IV.

“The existence of states,” says Montesquieu, “is like that of man, and the first have the right to make war for their proper preservation; the latter have the right to kill in the case of natural defence. In the case of natural defence I have the right to kill, since my life is my own, as the life of him who attacks me belongs to himself. * * * From the right of war follows that of conquest, which is the consequence: it ought then to follow the spirit. * * * It is clear when the conquest is made, the conqueror has no longer the right to kill, since he is no longer in the position of natural defence, or for his proper preservation.

“That which has made them think thus (right to kill), is that they have believed that the conqueror had the right to destroy society, whence they have concluded that they had that to destroy the men who composed it, which is a false consequence extracted from a false principle. Because the society should perish, it does not follow that the men who form it ought also to perish. Society is a union of men, and not men: the citizen can perish and the man remain. From the right to kill in conquest, politics have derived the right to enslave; but the consequence is as badly founded as the principle.”

There are certain rules that arise from the principle of self-preservation, and form what Wolff calls “the voluntary law of nations.” “Hence it follows that all nations have a right to repel by force what openly violates the law of the society which nature has established among them, or that directly attacks the welfare and safety of that society.

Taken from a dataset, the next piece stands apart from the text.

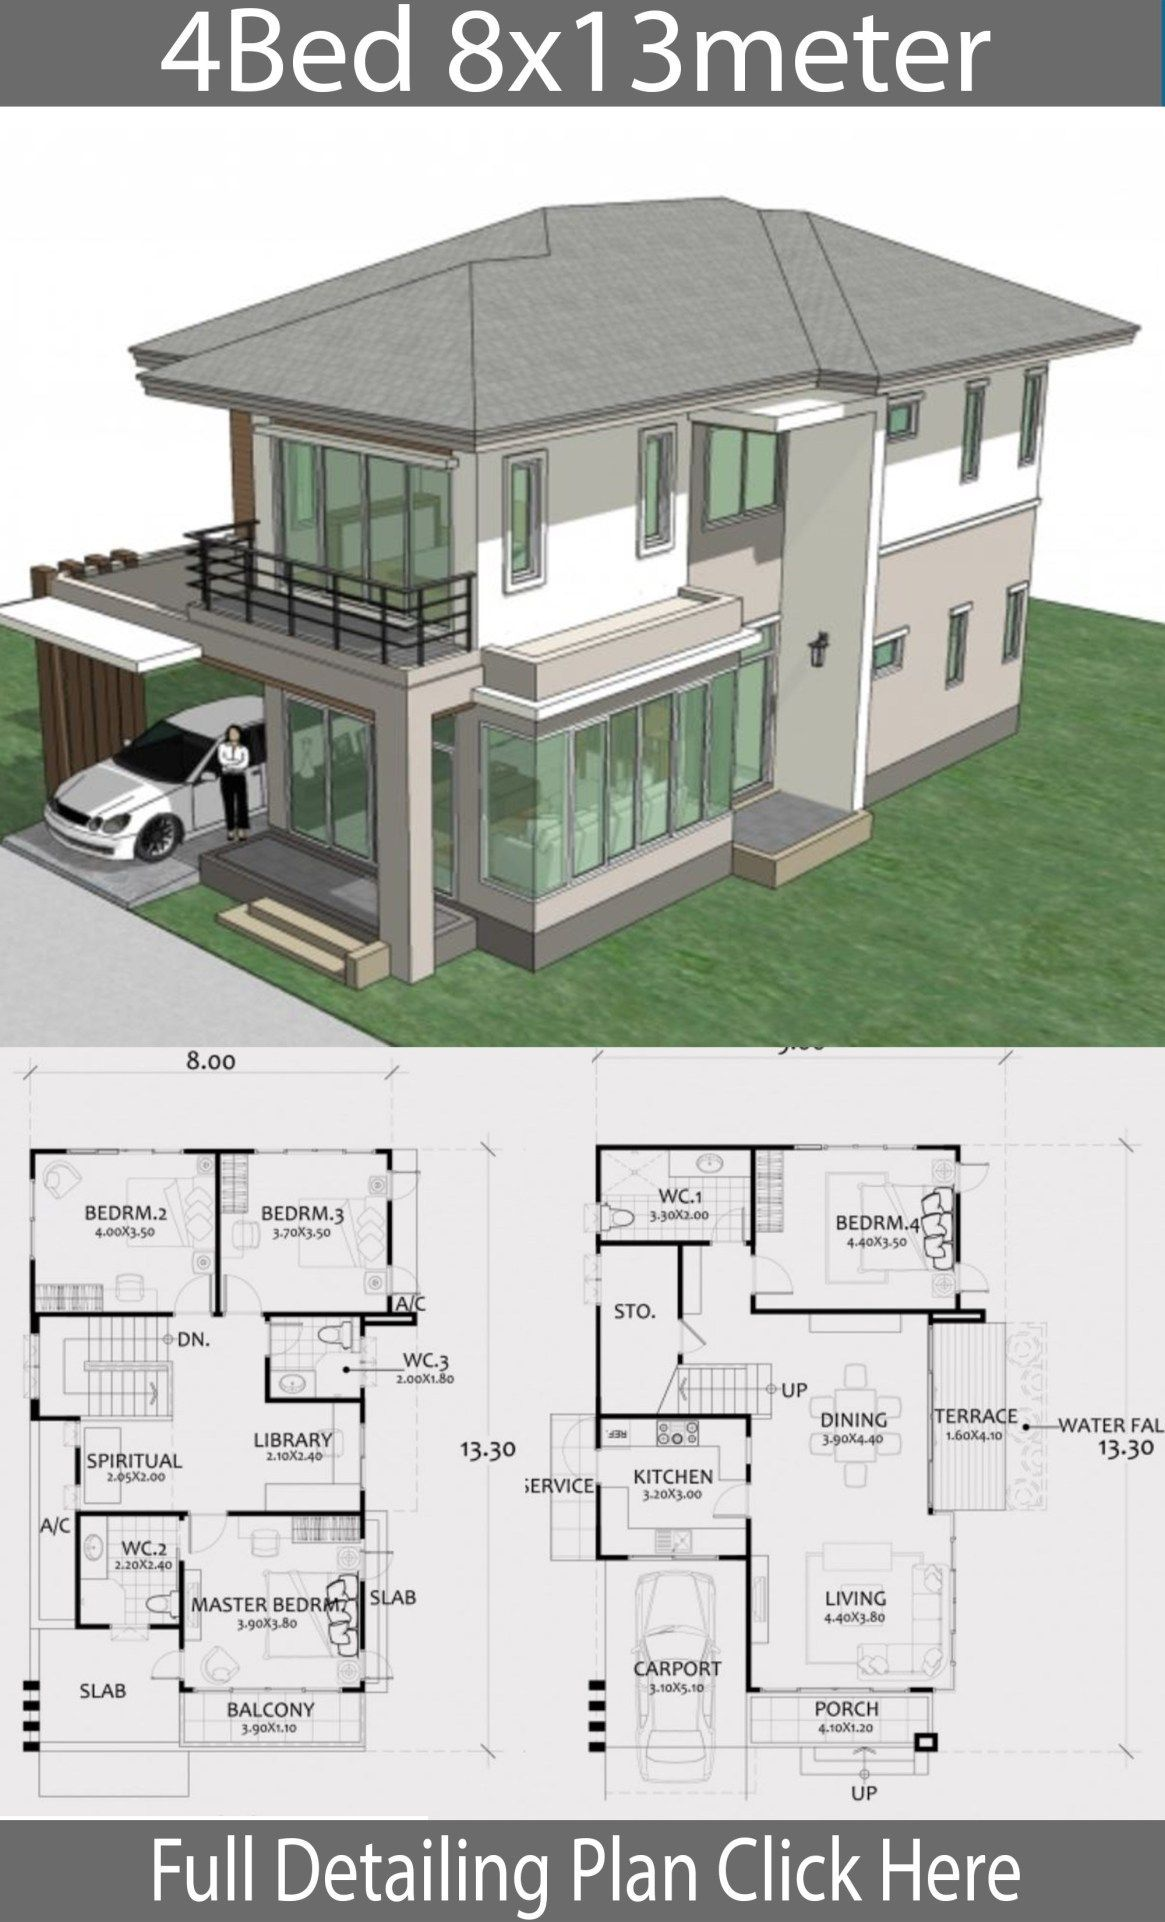 Home Design Plan 8x13m With 4 Bedrooms Home Design With Plansearch Homedesigns Atriums Projetos De Casas Projectos De Casas Arquitetura Casas

At the same time care must be taken not to extend this law to the prejudice of the liberty of nations.”

V.

The right of jurisdiction belongs only to those societies which have united for the purpose of maintaining the natural rights of each individual.

The ablest writers have maintained that society has not the right of life and death, and whoever arrogates that power commits a “divine lèse majesté.” “The object, the interest, and the function of all government are, then, to maintain the harmony of society established upon the moral relations of justice, and upon the physical order that no human power can change, and to protect all those who compose that society.” Louis XI., that Tiberius of France, caused to be put to death more than four thousand persons, and nearly all without process of law.

We see passionate men defending palpable errors with fanaticism and metaphysical temerity, as though they were divine dogmas. Thus Slavery would legalize frightful tyranny, and declare permanent proscriptions, with the same ease that it consigned thousands to starvation. “If liberty,” says the author of the “Essai sur le Despotisme,” “is the first of resorts for man, Slavery must alter all the sentiments, blunt all the sensations, and denaturalize them; stifle all talent, blend all shades, corrupt all the orders of state, and scatter discord, the germ of anarchy and revolutions. Man is only wicked when a superstitious institution or a tyrannical government gives the example of ferocity, and supplies him with fear for motive and cupidity for passion. But it is necessary to distinguish with men the character acquired from natural inclination: we are, of all beings, the most susceptible of modifications, and above all, of extreme passions. An enslaved people are always vile: they can be wicked and cruel, because they are irritable, gloomy, and ignorant; and when, although instruction will not be the only rampart of liberty against tyranny, it will always be the first safeguard of man against man; but the slave is a mutilated man.”

Every writer will admit this whose pen is not enslaved by fear, or rendered venal by interest.